Northern Ireland's Banbridge Chronicle
weekly newspaper could be saved from closure by Scottish publisher, DNG Media, which is 'close to a deal' to buy the paper, according to a report in The Irish News
Annan-headquartered DNG Media's current portfolio includes three paid-for weeklies – the Annandale Herald
, Moffat News
and the Annadale Observer
– plus the Dumfries Courier
free newspaper. Its titles sell in more than half of Dumfries and Galloway, as well as parts of the Scottish Borders and north Cumbria.
DNG has emerged as the front-runner to acquire the County Down title from the Hodgett family, who also own the Newry Reporter
. It was announced in early October that the Banbridge Chronicle
would be forced to close because of cash-flow problems if a buyer could not be found.

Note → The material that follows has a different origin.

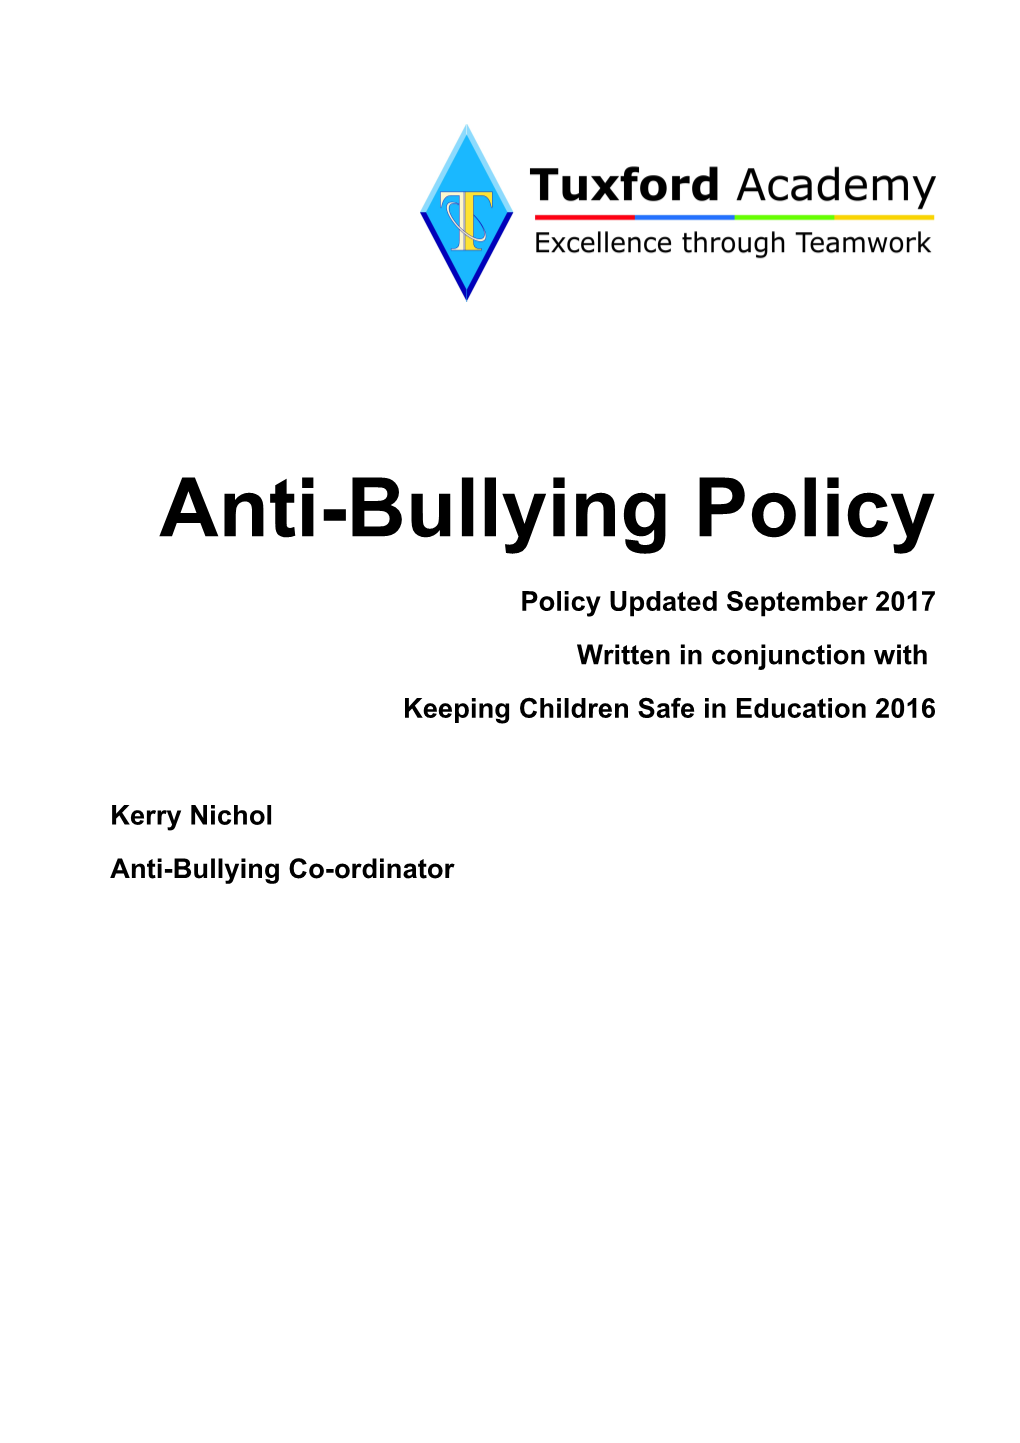 Anti-Bullying Policy s5

However, its directors have subsequently revealed: 'Negotiations for the sale of the newspaper are at an advanced stage. In the meantime, the Banbridge Chronicle
will continue to be published in the coming weeks'.
Shares in ITV have soared after the broadcaster forecast a rise of 24% in its annual advertising sales. It reported that in the nine months to 30 September, total external revenue was up 28% – at £2.38 billion compared to £1.86 billion in 2020. The company said it has a strong programming slate going into next year as it continues to invest in content, and chief executive, Carolyn McCall, declared: 'By any standards ITV has had an outstanding nine months'.
Russ Mould, investment director at Manchester-based AJ Bell, which provides online investment platforms and stockbroker services, pointed out: 'For the business to be on course for the highest advertising revenue in its history is an impressive achievement. It underlines the continued relevance of television as a medium to advertisers given its reach'.
Mould added interestingly, if speculatively: 'The question now is what next for ITV amid rumours it might bid for its free-to-air counterpart Channel 4 if the government pushes ahead with a privatisation of the latter. There is some logic to such a move as it would help ITV reach a different audience and secure access to some valuable content'.